HC: We started about a year ago. We worked whenever I was free. Sometimes it was just Mondays, or after seven in the afternoon. Then, when Signature Theatre signed on to present the work, we were able to rehearse for two or three months in the theatre. At the beginning, we would go to the studio without a plan, without preconceptions, and read the book together. A word or a phrase from the book would inspire us, and we would start creating steps to express the emotions in that line or word. From the beginning, Alessandra and I had amazing chemistry and that’s why we were able to go as far as we did. We all made it together.
 

Herman Cornejo.© Manuel de Los Galanes. (Click image for larger version)
Herman Cornejo.
© Manuel de Los Galanes. (Click image for larger version)

MH: Did Martha Clarke have an idea of what she wanted?

HC: She left the door open for us to interpret the characters. She told me that I had a much more masculine, muscular way of moving than the actor who played Chéri in the film, and that she didn’t want to lose that quality. She encouraged me to use my own physicality and feeling for the character, which was slightly more masculine than in the book. But we did it all together, down to choosing the music. In some rehearsals, we would just listen to music.
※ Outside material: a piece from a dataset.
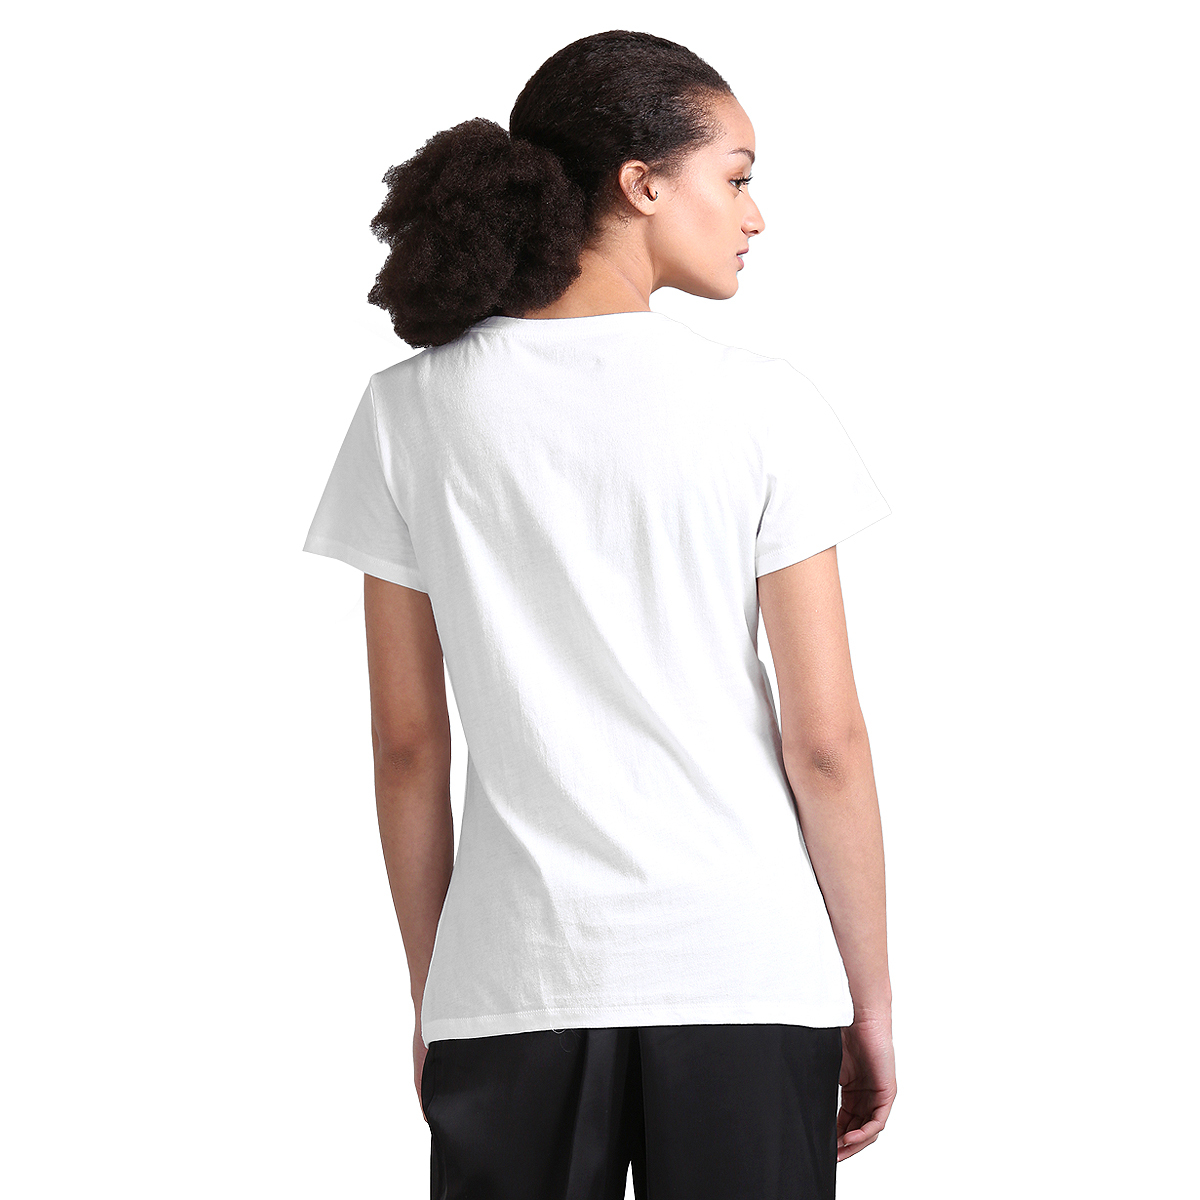 Gap Solid Color Regular Fit Round Neck T-Shirt Styled with Logo Graphic At Chest - White

She wanted to use certain composers, and we selected the pieces together. We built the story through the music. The same thing with the stage designs. As we rehearsed, we would say, “we need this here, and that there.”

MH: Did you know Ferri before working with her on Chéri?

HC: I knew her from ABT because when I arrived [in 1999] she was one of the great ballerinas and she and Julio Bocca were the ideal couple onstage. Actually, Bocca sent Alessandra a funny message before our first performance of Chéri, wishing her luck and saying that he was a bit jealous that she had found a new Argentine man. [Bocca was a mentor of Cornejo’s and instrumental in bringing him to ABT.] Before now, she and I had barely ever shared a stage. She mentioned at some point how surprised she was by our chemistry, because even though she knew I was a great dancer, she still thought of me as the sixteen-year-old I was when I first joined the company.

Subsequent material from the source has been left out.